(Stored data)
Segment Open
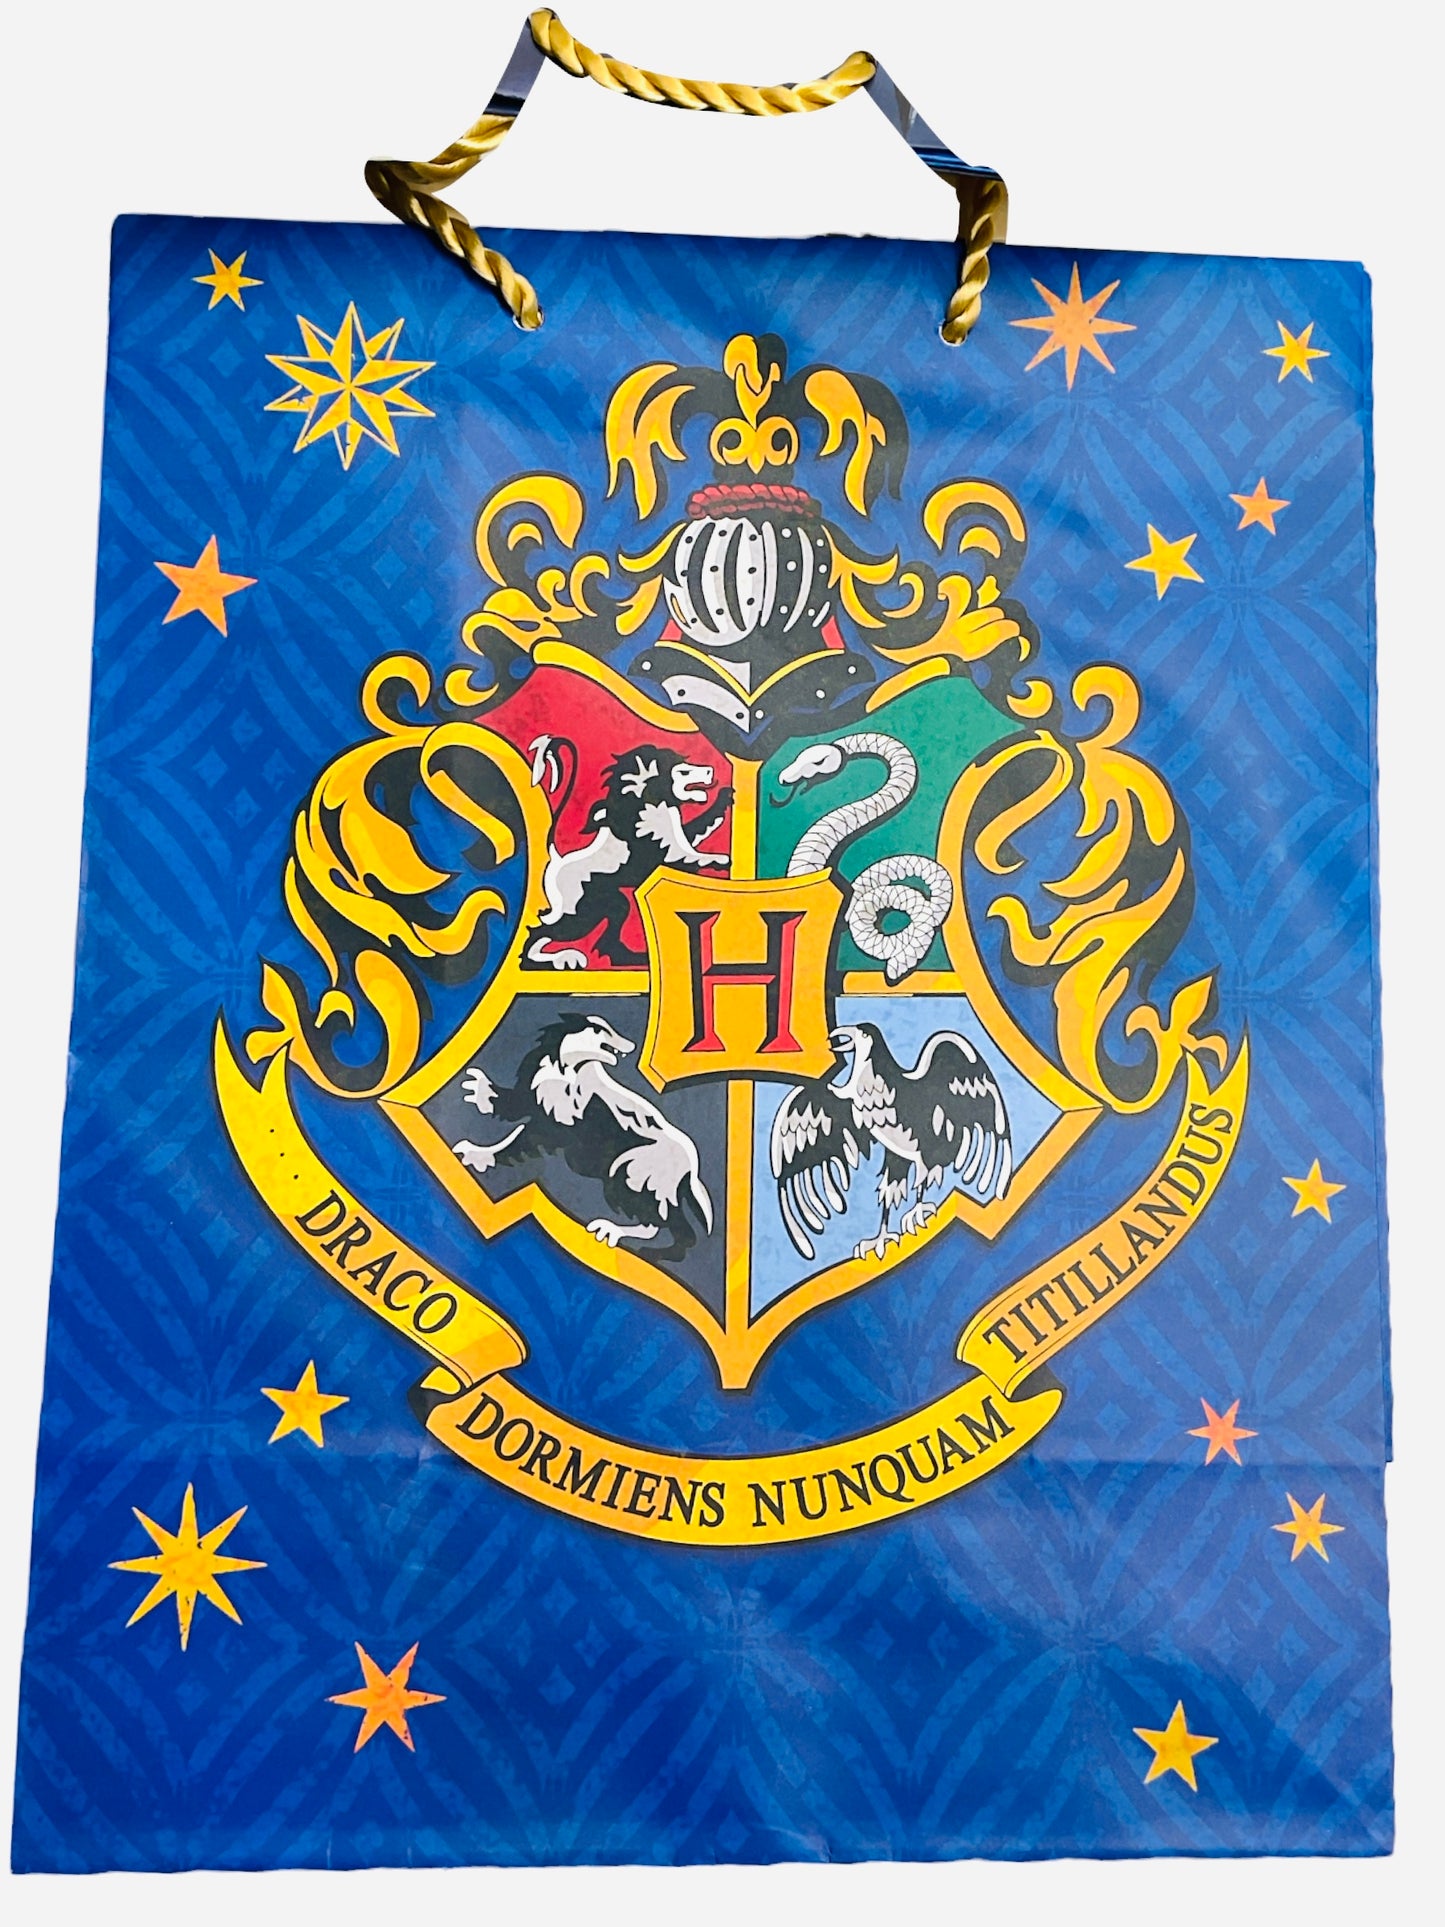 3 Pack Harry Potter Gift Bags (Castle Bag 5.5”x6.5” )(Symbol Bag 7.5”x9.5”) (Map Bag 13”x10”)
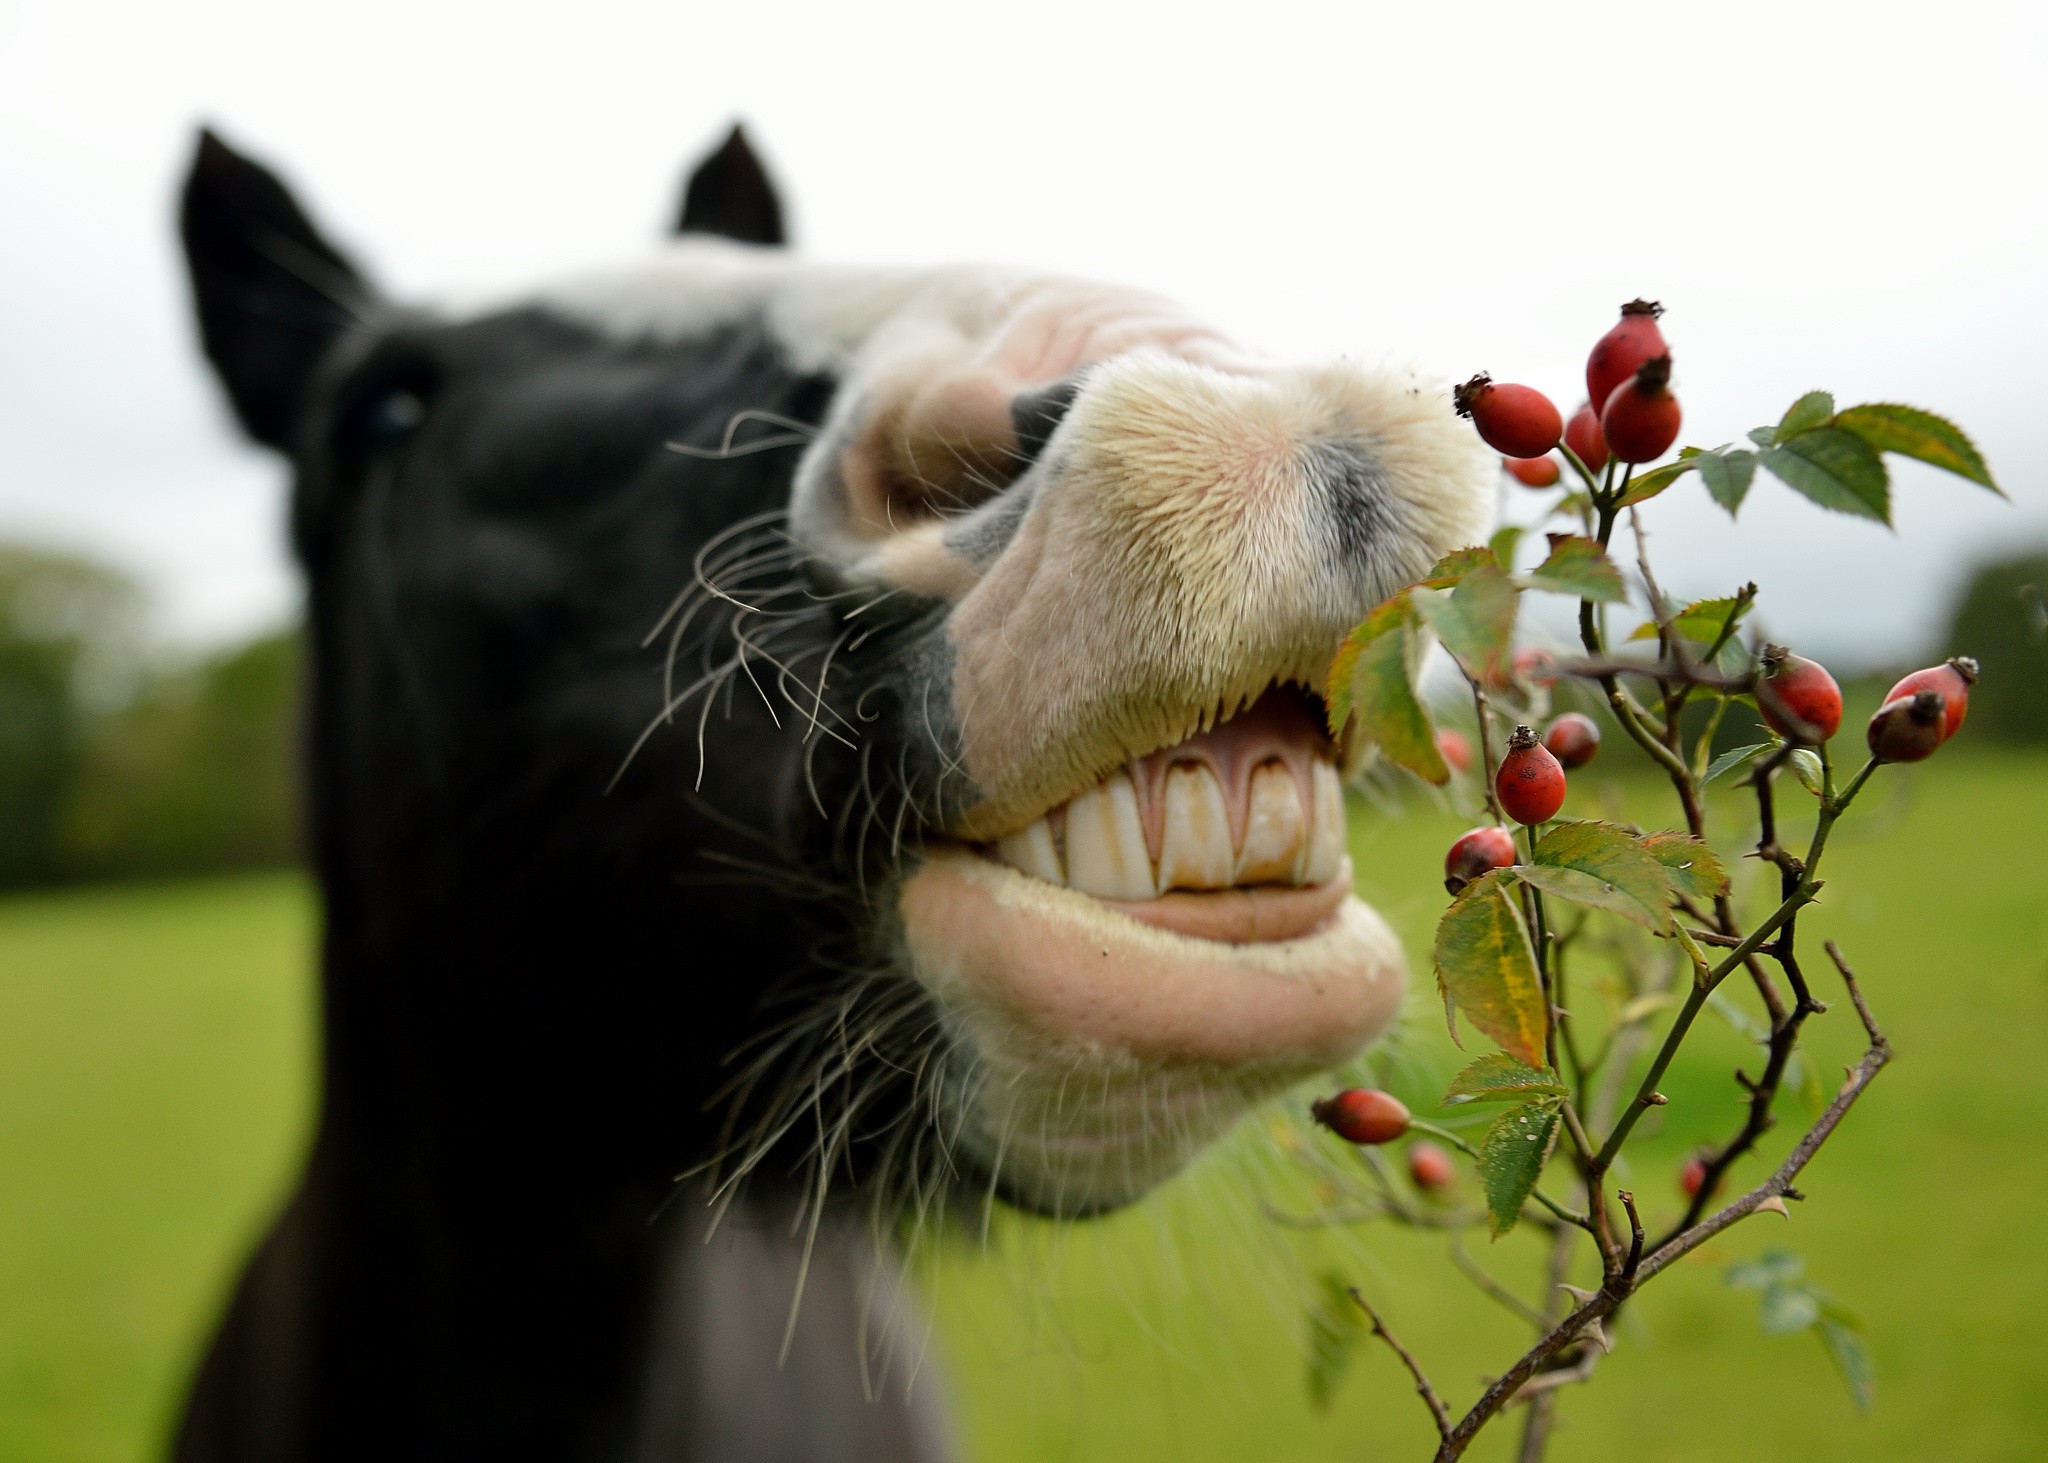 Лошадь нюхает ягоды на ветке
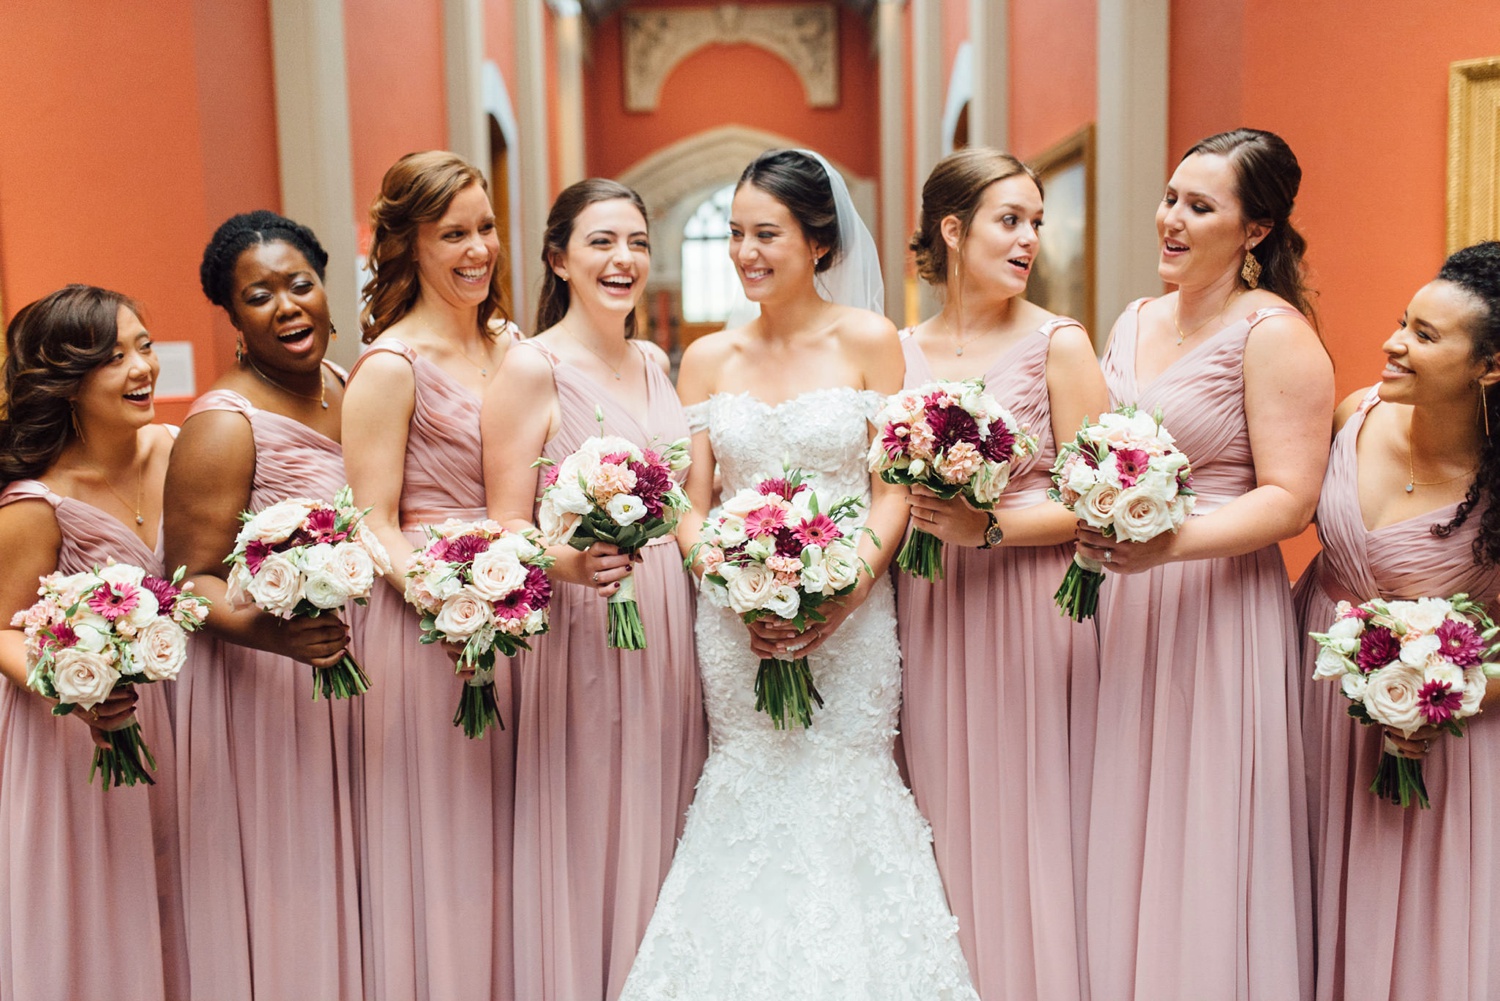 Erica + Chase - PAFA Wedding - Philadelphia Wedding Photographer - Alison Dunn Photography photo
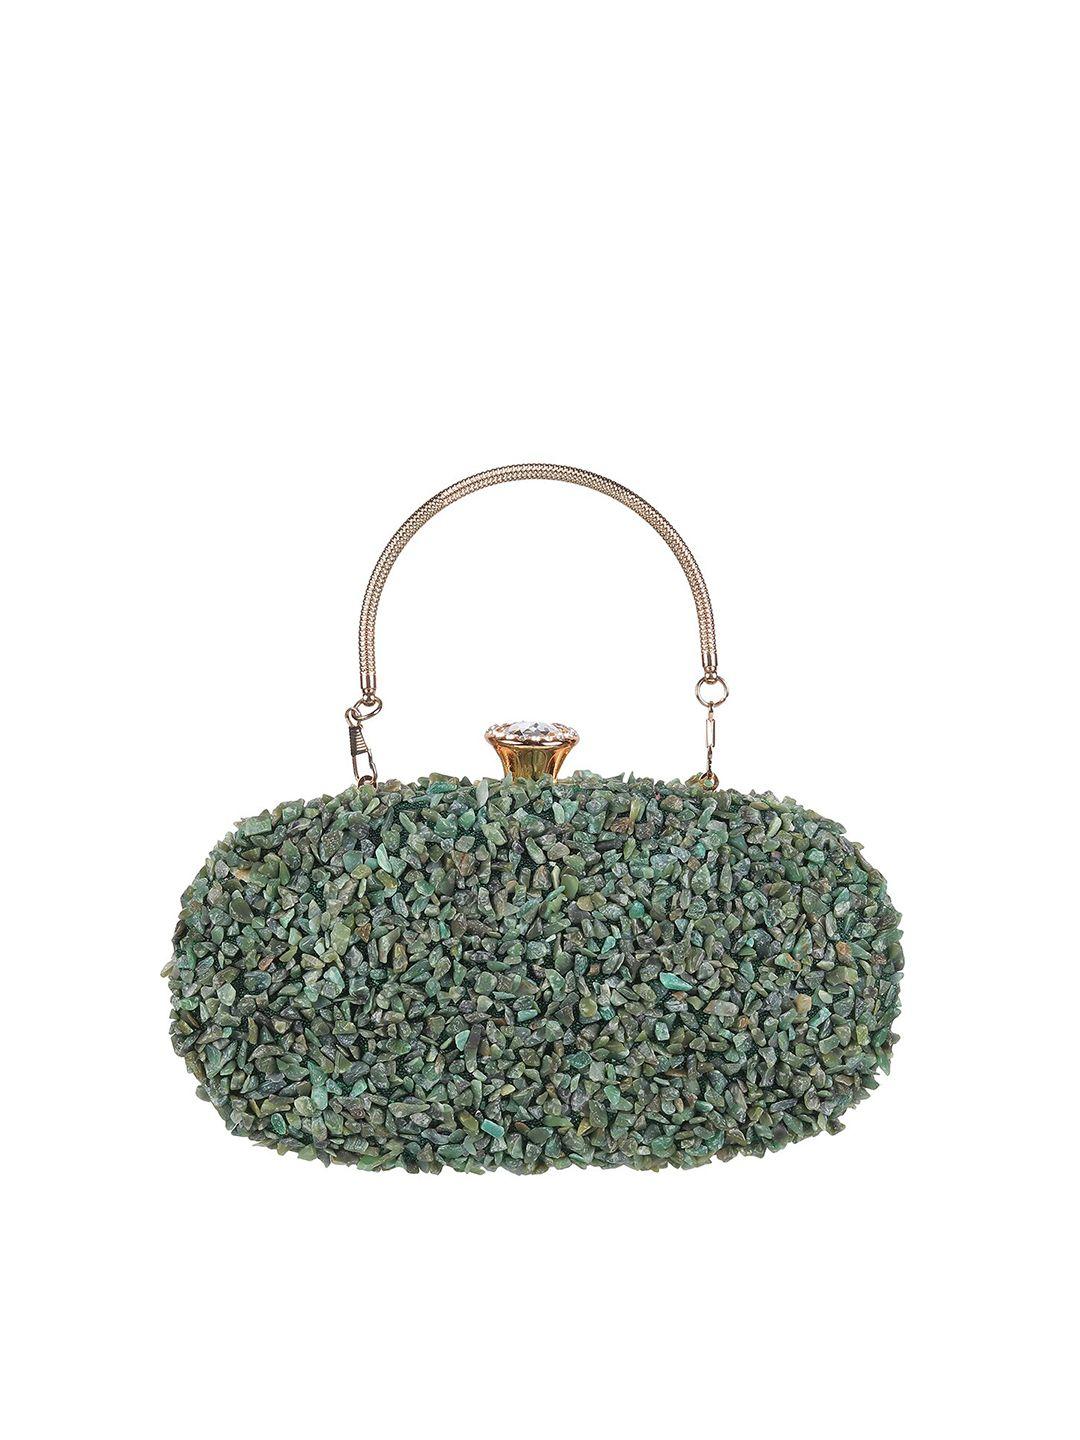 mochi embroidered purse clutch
Segment Closed
(Work to be completed)
Transcribe the material exactly, leaving every picture out.

(Task solution)
 3 Pack Harry Potter Gift Bags (Castle Bag 5.5”x6.5” )(Symbol Bag 7.5”x9.5”) (Map Bag 13”x10”)
 Лошадь нюхает ягоды на ветке
 Erica + Chase - PAFA Wedding - Philadelphia Wedding Photographer - Alison Dunn Photography photo
 mochi embroidered purse clutch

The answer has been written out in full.